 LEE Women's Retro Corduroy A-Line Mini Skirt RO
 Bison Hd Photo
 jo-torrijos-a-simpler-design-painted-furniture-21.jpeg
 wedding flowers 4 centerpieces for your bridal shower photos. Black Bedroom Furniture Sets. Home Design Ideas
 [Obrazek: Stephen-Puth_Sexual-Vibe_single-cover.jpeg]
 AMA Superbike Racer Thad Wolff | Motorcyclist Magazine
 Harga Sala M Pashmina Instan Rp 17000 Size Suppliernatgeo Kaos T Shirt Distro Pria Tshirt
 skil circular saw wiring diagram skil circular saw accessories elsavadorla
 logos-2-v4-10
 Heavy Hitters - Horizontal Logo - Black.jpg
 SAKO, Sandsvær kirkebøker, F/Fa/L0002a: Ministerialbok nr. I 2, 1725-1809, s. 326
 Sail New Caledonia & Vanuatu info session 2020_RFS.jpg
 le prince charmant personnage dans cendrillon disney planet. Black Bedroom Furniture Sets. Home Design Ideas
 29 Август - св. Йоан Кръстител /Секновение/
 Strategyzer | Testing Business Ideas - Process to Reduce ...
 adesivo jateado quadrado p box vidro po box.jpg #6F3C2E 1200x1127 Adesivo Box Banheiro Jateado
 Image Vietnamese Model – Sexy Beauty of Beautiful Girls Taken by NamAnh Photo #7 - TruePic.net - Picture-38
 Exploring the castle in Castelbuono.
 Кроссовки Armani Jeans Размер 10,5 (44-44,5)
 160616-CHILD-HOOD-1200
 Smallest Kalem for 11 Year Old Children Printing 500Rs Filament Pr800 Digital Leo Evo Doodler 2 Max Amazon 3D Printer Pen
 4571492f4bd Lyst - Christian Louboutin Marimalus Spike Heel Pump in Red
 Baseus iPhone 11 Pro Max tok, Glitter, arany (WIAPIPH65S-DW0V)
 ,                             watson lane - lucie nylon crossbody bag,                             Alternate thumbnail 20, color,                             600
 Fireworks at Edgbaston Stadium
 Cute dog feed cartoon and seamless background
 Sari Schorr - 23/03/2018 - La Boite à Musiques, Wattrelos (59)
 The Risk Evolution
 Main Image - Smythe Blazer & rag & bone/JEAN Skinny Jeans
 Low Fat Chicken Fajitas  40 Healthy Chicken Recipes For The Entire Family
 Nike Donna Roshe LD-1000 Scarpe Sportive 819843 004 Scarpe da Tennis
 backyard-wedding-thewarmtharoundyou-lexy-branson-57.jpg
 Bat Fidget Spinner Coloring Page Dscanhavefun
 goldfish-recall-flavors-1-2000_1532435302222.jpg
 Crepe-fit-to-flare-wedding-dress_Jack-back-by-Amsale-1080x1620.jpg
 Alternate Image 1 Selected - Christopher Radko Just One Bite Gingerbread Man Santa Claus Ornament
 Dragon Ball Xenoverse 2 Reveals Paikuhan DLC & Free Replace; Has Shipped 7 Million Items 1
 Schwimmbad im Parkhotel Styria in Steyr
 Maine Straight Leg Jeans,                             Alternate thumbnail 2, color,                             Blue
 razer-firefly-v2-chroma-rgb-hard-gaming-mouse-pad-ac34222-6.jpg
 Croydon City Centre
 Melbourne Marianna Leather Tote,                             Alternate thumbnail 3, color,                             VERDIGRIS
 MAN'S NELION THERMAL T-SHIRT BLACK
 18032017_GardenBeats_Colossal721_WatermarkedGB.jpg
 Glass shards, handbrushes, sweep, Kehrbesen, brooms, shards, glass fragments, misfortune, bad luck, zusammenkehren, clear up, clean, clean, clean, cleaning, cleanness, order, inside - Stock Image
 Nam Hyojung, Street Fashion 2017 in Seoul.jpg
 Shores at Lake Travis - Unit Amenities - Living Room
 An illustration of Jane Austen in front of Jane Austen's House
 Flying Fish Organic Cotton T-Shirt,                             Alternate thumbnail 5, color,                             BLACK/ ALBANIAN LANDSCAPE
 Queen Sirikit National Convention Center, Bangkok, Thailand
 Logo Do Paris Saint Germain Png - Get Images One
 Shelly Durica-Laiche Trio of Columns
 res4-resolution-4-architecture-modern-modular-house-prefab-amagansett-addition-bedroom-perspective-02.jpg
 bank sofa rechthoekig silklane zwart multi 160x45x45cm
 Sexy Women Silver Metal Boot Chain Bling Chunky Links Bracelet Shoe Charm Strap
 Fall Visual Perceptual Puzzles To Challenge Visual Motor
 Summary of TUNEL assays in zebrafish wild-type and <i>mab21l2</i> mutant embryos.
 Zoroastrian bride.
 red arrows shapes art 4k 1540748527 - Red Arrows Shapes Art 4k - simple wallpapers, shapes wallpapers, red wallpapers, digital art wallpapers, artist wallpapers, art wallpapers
---*---
In the entries above, restate word for word the lines between the one holding "[Obrazek: Stephen-Puth_Sexual-Vibe_single-cover.jpeg]" and the one holding "Exploring the castle in Castelbuono.", inclusive, and nothing besides.

 [Obrazek: Stephen-Puth_Sexual-Vibe_single-cover.jpeg]
 AMA Superbike Racer Thad Wolff | Motorcyclist Magazine
 Harga Sala M Pashmina Instan Rp 17000 Size Suppliernatgeo Kaos T Shirt Distro Pria Tshirt
 skil circular saw wiring diagram skil circular saw accessories elsavadorla
 logos-2-v4-10
 Heavy Hitters - Horizontal Logo - Black.jpg
 SAKO, Sandsvær kirkebøker, F/Fa/L0002a: Ministerialbok nr. I 2, 1725-1809, s. 326
 Sail New Caledonia & Vanuatu info session 2020_RFS.jpg
 le prince charmant personnage dans cendrillon disney planet. Black Bedroom Furniture Sets. Home Design Ideas
 29 Август - св. Йоан Кръстител /Секновение/
 Strategyzer | Testing Business Ideas - Process to Reduce ...
 adesivo jateado quadrado p box vidro po box.jpg #6F3C2E 1200x1127 Adesivo Box Banheiro Jateado
 Image Vietnamese Model – Sexy Beauty of Beautiful Girls Taken by NamAnh Photo #7 - TruePic.net - Picture-38
 Exploring the castle in Castelbuono.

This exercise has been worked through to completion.